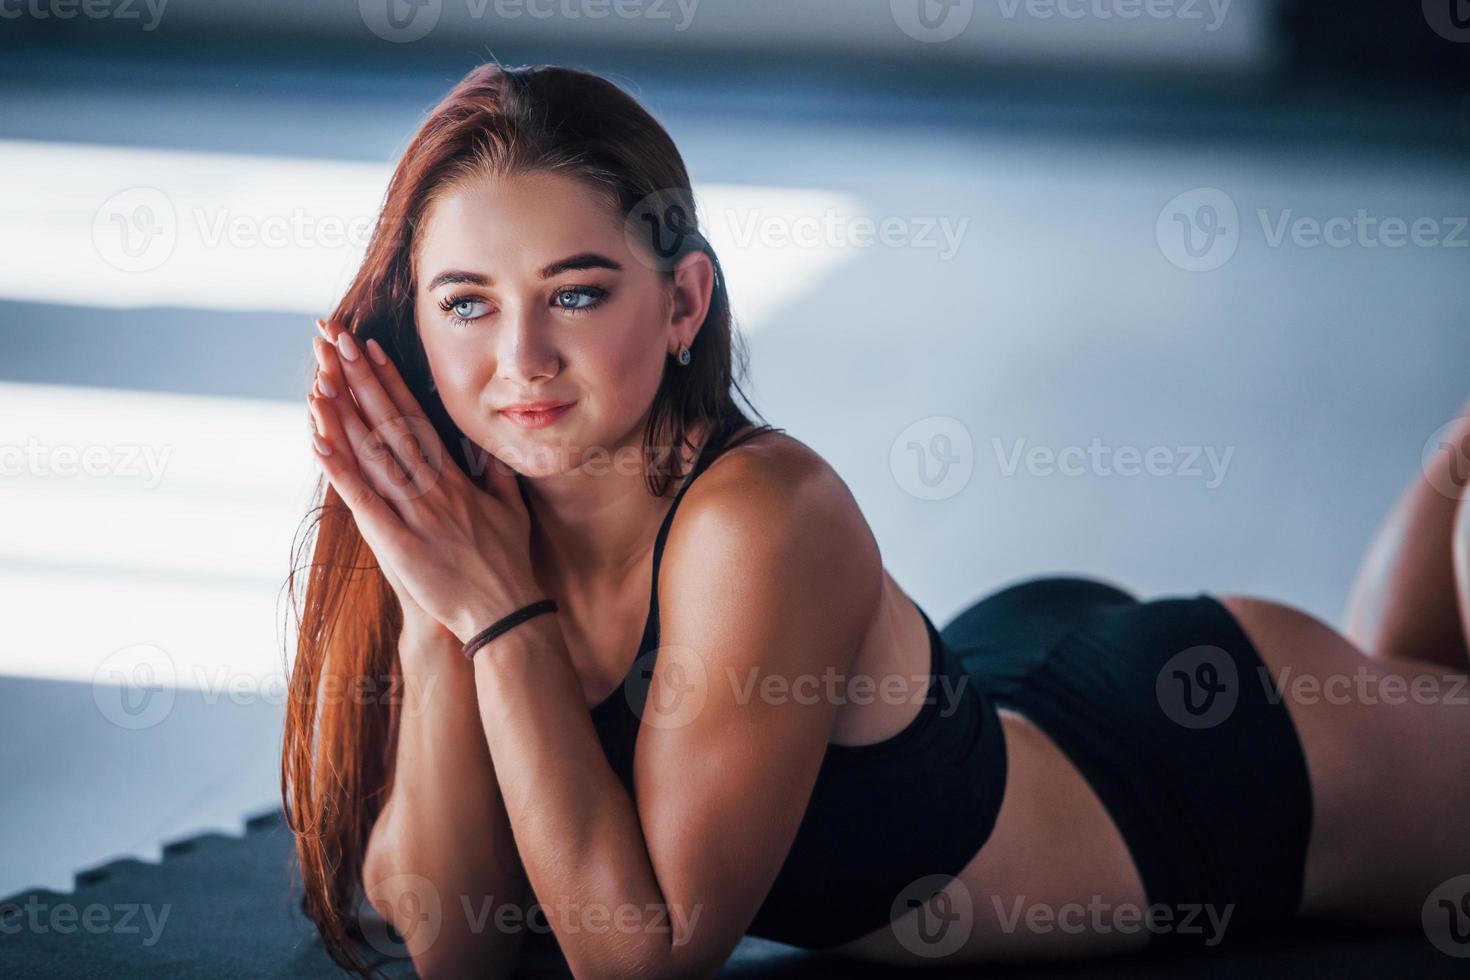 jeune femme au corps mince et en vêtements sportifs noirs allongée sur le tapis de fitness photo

* * *

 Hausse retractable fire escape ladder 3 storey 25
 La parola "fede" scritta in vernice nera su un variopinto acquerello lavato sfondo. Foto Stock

* * *

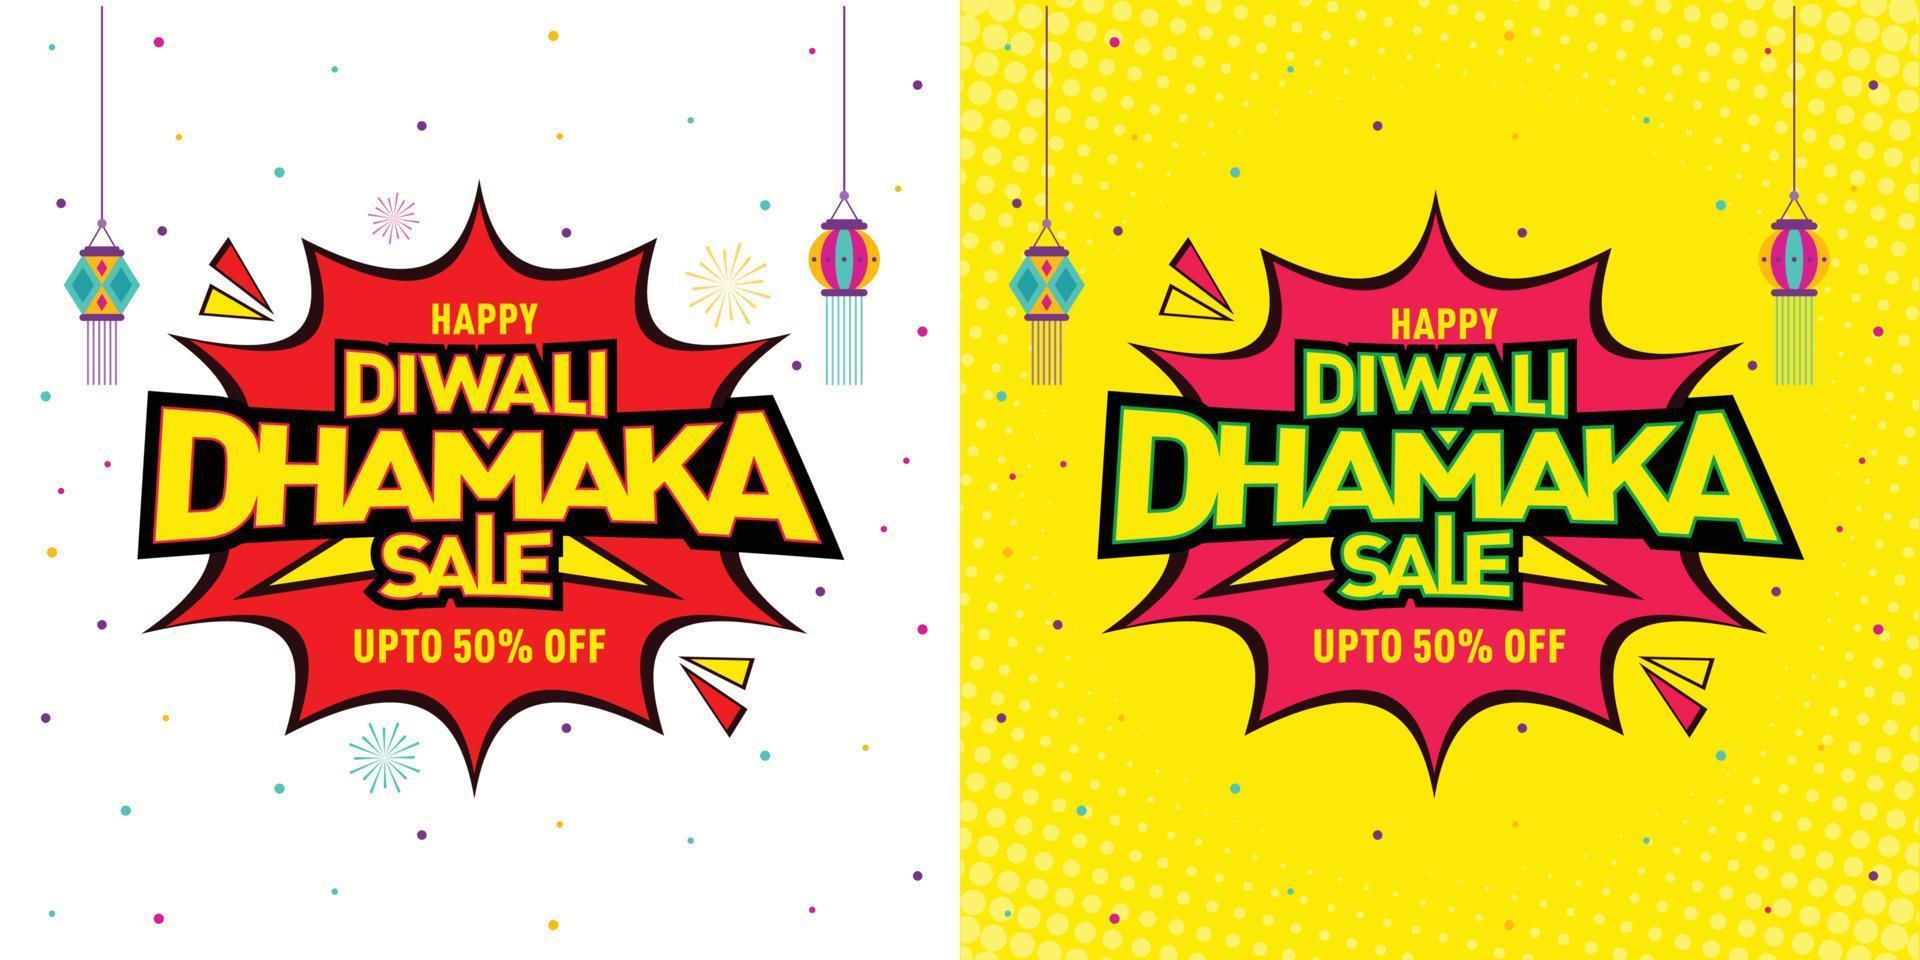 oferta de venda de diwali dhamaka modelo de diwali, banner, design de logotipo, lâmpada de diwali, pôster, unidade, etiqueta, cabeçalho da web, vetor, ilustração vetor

**ASSIGNMENT**
Starting at the line above that contains "Hausse retractable fire", repeat each line exactly up to and including the line that contains "sfondo. Foto Stock", and stop there.

**EXERCISE ANSWER**
 Hausse retractable fire escape ladder 3 storey 25
 La parola "fede" scritta in vernice nera su un variopinto acquerello lavato sfondo. Foto Stock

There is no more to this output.